Judging by these extraordinary images Henri-Georges Clouzot's L'Enfer had the potential to be a startling cinema masterpiece. Sadly it was not to be. The French director best known for his thrillers The Wages of Fear and Les Diabolioques abandoned the project in 1964.
The story is told in a documentary directed by Serge Bromberg and Ruxandra Medrea, Henri-George Clouzot’s Inferno, that appeared last year and screened at MIFF (unfortunately I missed it - if anyone has any details of an Australian DVD release, please let me know).
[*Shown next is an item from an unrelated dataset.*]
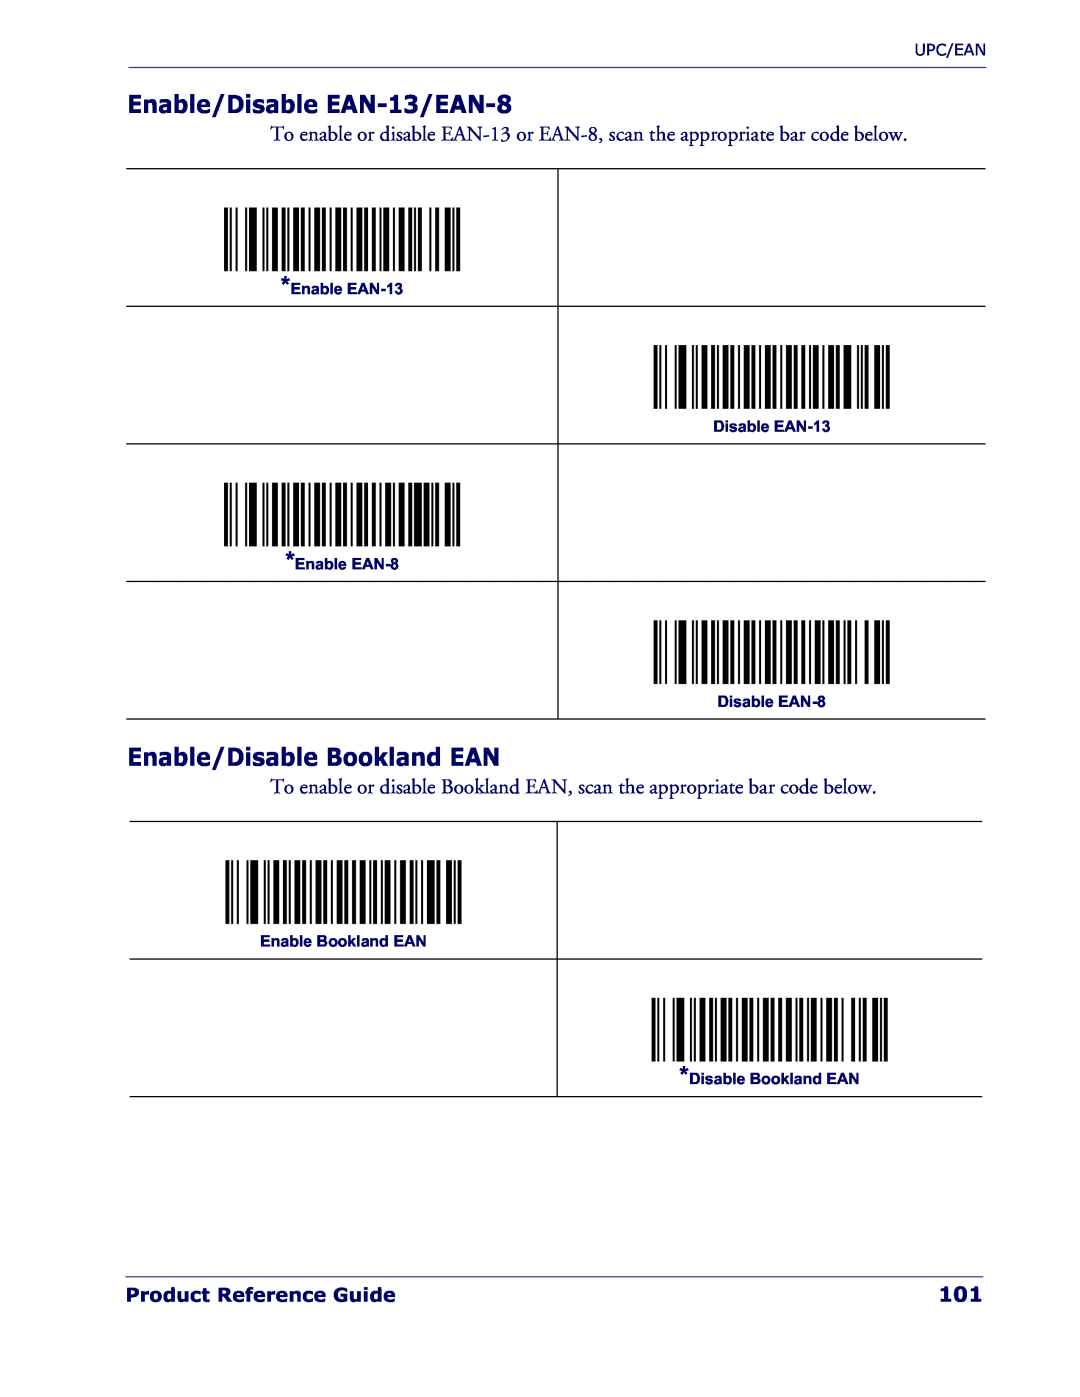 Datalogic Scanning QD 2300 manual Enable/Disable EAN-13/EAN-8, Enable/Disable Bookland EAN, Product Reference Guide

If the film's title sounds familiar, it's because in 1994 Claude Chabrol directed a rather earnest and forgettable version of the story based on Clouzot's script, with Emanuelle Beart in the Schneider role as a woman suffering due to the paranoid fantasies of her insanely jealous husband.
The Guardian picked up the trail one week ahead of its London release early last November. Extract:
"Clouzot is being brought to new audiences with a documentary about his doomed 1964 project concerning a jealous husband's mental collapse into paranoid fantasy. Called L'Enfer (Hell), the film became a real hell for the director and everyone on set...
"The test shots for Clouzot's L'Enfer that appear in the new documentary show that he envisaged using kinetic art in a way that parallels how Hitchcock had used Salvador DalĂ's surrealist dream sequences almost 20 years earlier on Spellbound.
"Maybe, though, it was in making these test shots that Clouzot's ambition went beyond his capacity to realise a film. Film-maker Bernard Stora, then an intern on the film, worked on the tests. "I walked into something totally insane," he recalls. 'Clouzot had the best cameramen and the most seasoned technicians. It seemed clear from the beginning they didn't know what they were doing'.. "
Postscript (thanks to reader David for the link to this clip below)
2 comments:
Fantastic! Thanks for that.
Some great footage here also:
http://www.youtube.com/watch?v=OF8q_7hGEYU&feature=related
And the Chabrol film is not to be confused with Tanovic's filming of Kieslowski's L'ENFER idea, with Emmanuelle Beart also a woman jealous of her husband's infidelities.